That's why you want to make sure that the most valuable employees are well looked after, and a small business health insurance is a great foundation.
Are You Required To Provide Small Business Health Insurance For Employees?
The Employer Mandate of the Affordable Care Act requires employers with more than 50 employees to offer health insurance. To figure out if this rule applies to your business, start with figuring out how many full-time workers or FTEs as they are called are working for you.
You then use the formula, i.e. (Total hours of part-time employees every week / 30) + number of full-time employees = FTE.
Take, for instance, if you have 49 FTE, you aren't required to ensure that those employees are covered. However, if your FTE is 50, it is up to you to ensure that 95% of the workforce is covered. But there are many other reasons your employees should be covered with health insurance, i.e., keeping them healthy and improving your ability to recruit and retain employees.
According to the Kaiser Family Foundation, 56% of small firms and around 99% of large businesses offer some type of health benefits to some employees.
What Are Health Insurance Options For Small Businesses?
Many small employers or businesses have historically relied on small group insurance. But things have changed a lot since then.
While the plans are widely understood and known, they aren't the only option today. As an employer, you have three options. The option you choose mainly depends on what may work best for you, based on how the company has been set up, how much the group plans cost and how much individual plans may cost.
These plans and their costs may vary depending on where you are based and the health of the individual you want to be insured.

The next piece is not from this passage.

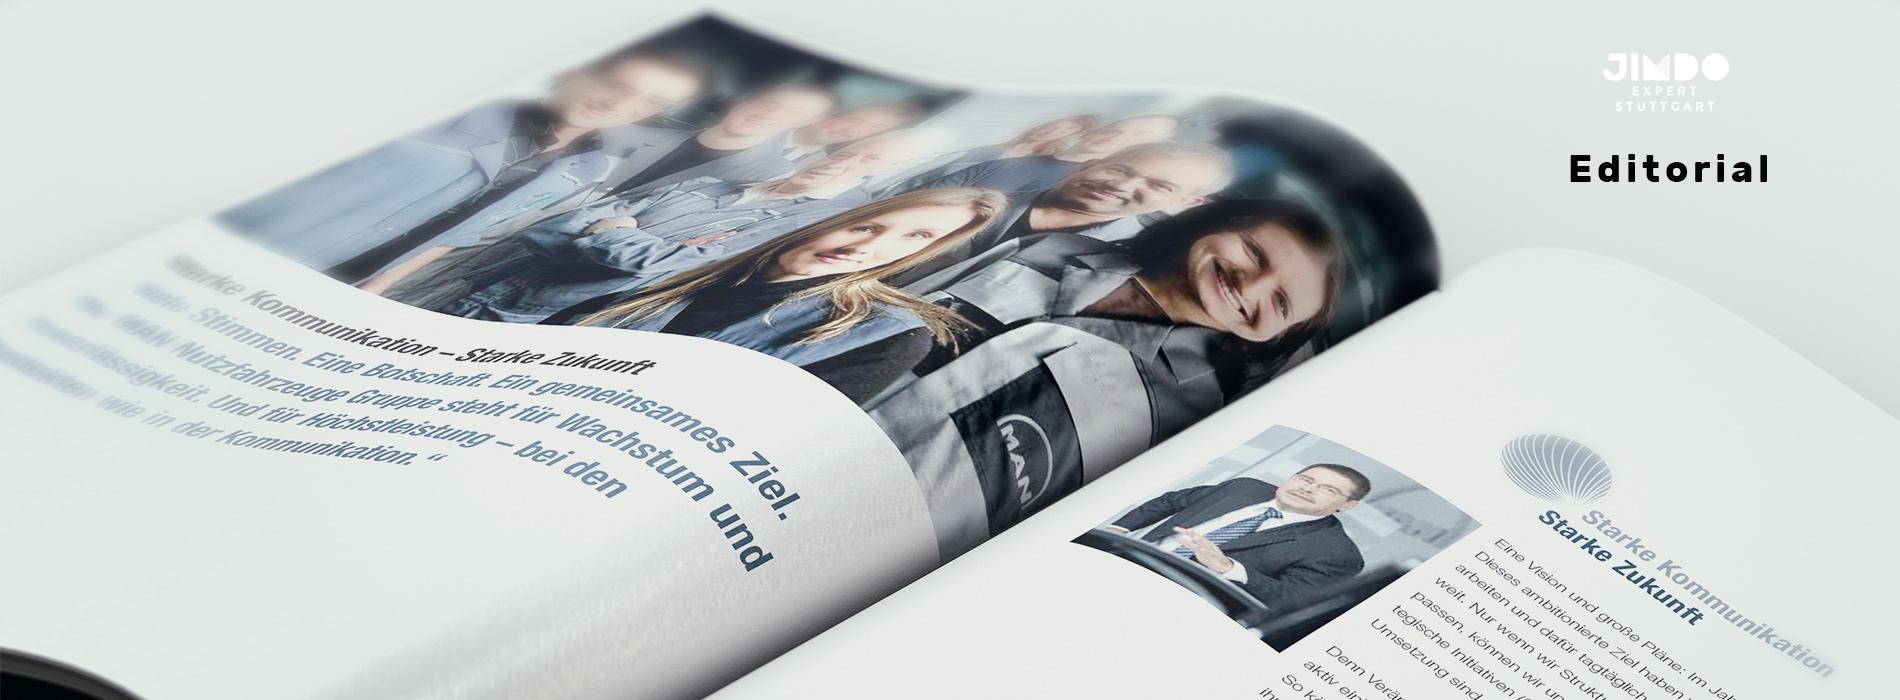 Jimdo Expert Stuttgart - Webdesign & Fotoografie - Peter Scheerer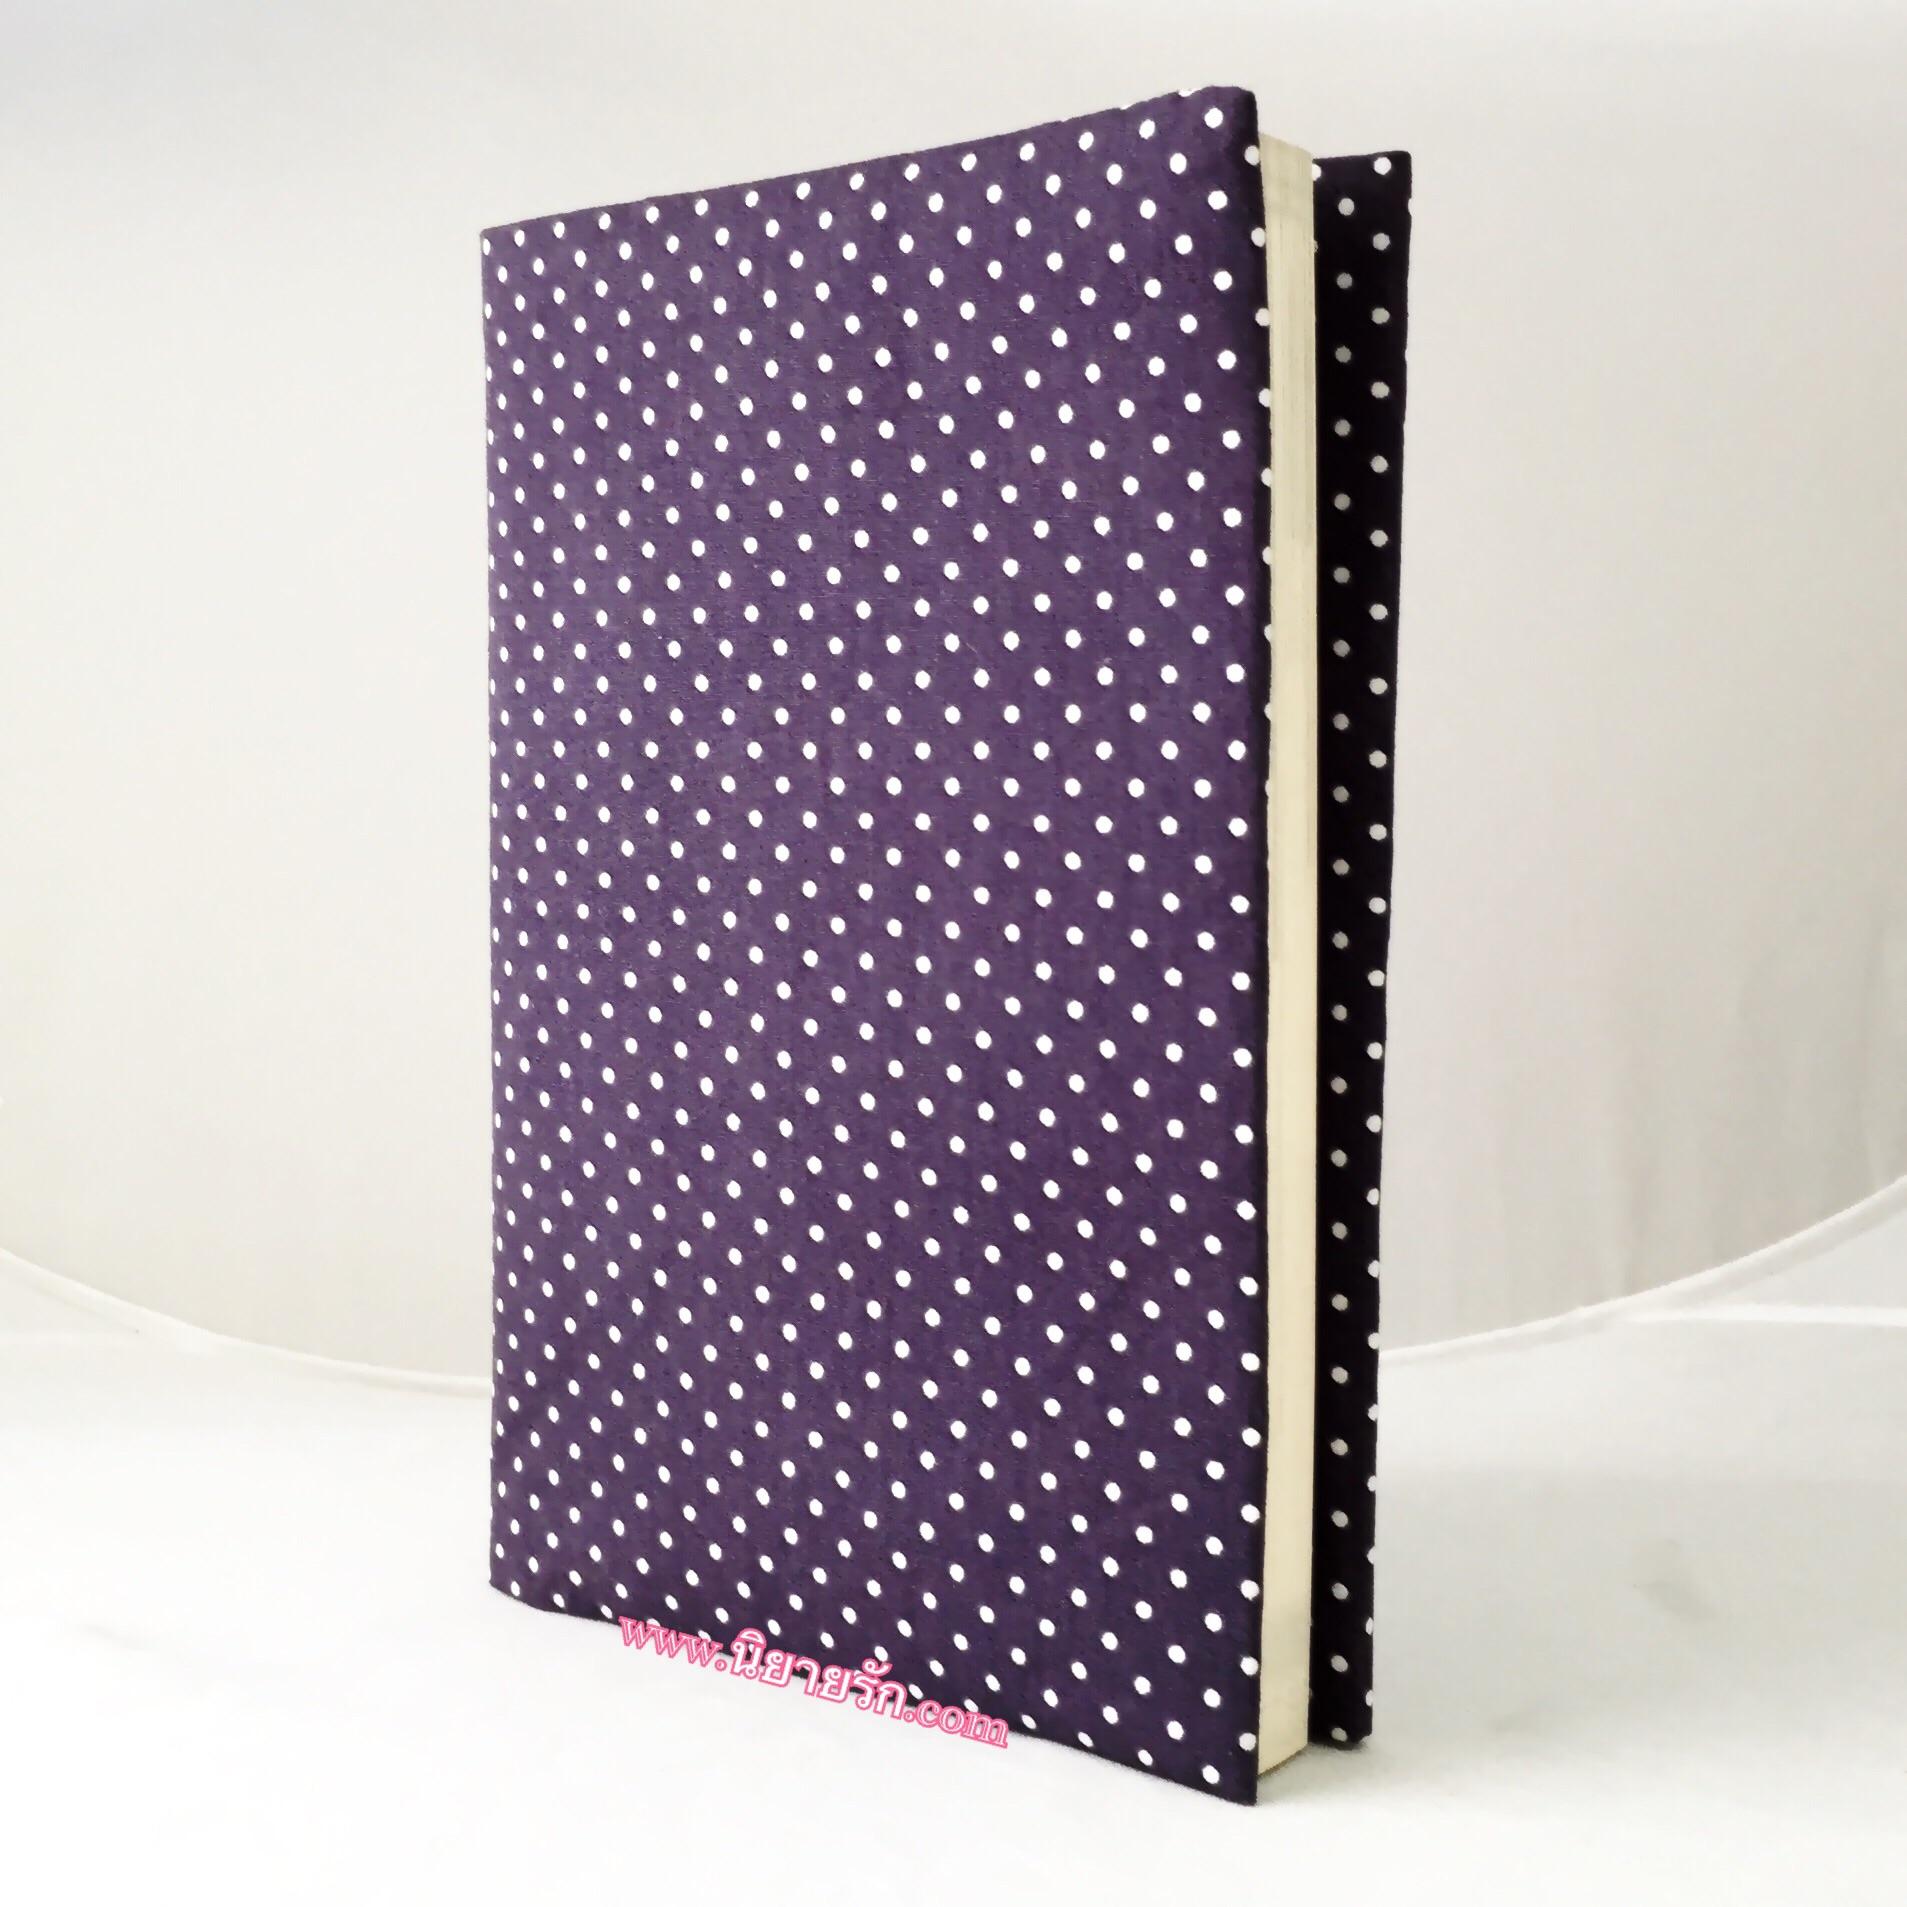 """ปกผ้าพื้นม่วง Polka Dot เนื้อผ้าคอตต้อนญี่ปุ่น(โตไก) สำหรับหนังสือขนาด 200 หน้าขึ้นไป ขนาด 8.2"""""""

As mentioned earlier, the three options for small business health insurance are:
- Small group health insurance
- Self-funded plans
- Health Reimbursement Arrangements (HRA)
Small Group Insurance
small business health insurance has always been the primary option for small businesses that want to offer employees health benefits. It is meant for businesses that employ less than 50 full-time employees, except for in four states where it is applied to businesses with 10 employees and more.
The Kaiser Family Foundation states that 56% of businesses with anywhere from 3 to 199 employees now offer health benefits. Around 81% of them offer one plan.
As you might imagine, Group insurance will provide coverage to members of the group, which means employees or members of a particular organization. The members of your group aka employees will be insured at a reduced cost because the risk is mitigated by being spread across the entire group.
How Does Small Business Group Health Work?
The small business health insurance plans, are usually purchased by you, aka the employer, after which it is offered to employees. The plans are only available in groups and aren't for individuals since you need 70% participation at least for the plan to be valid.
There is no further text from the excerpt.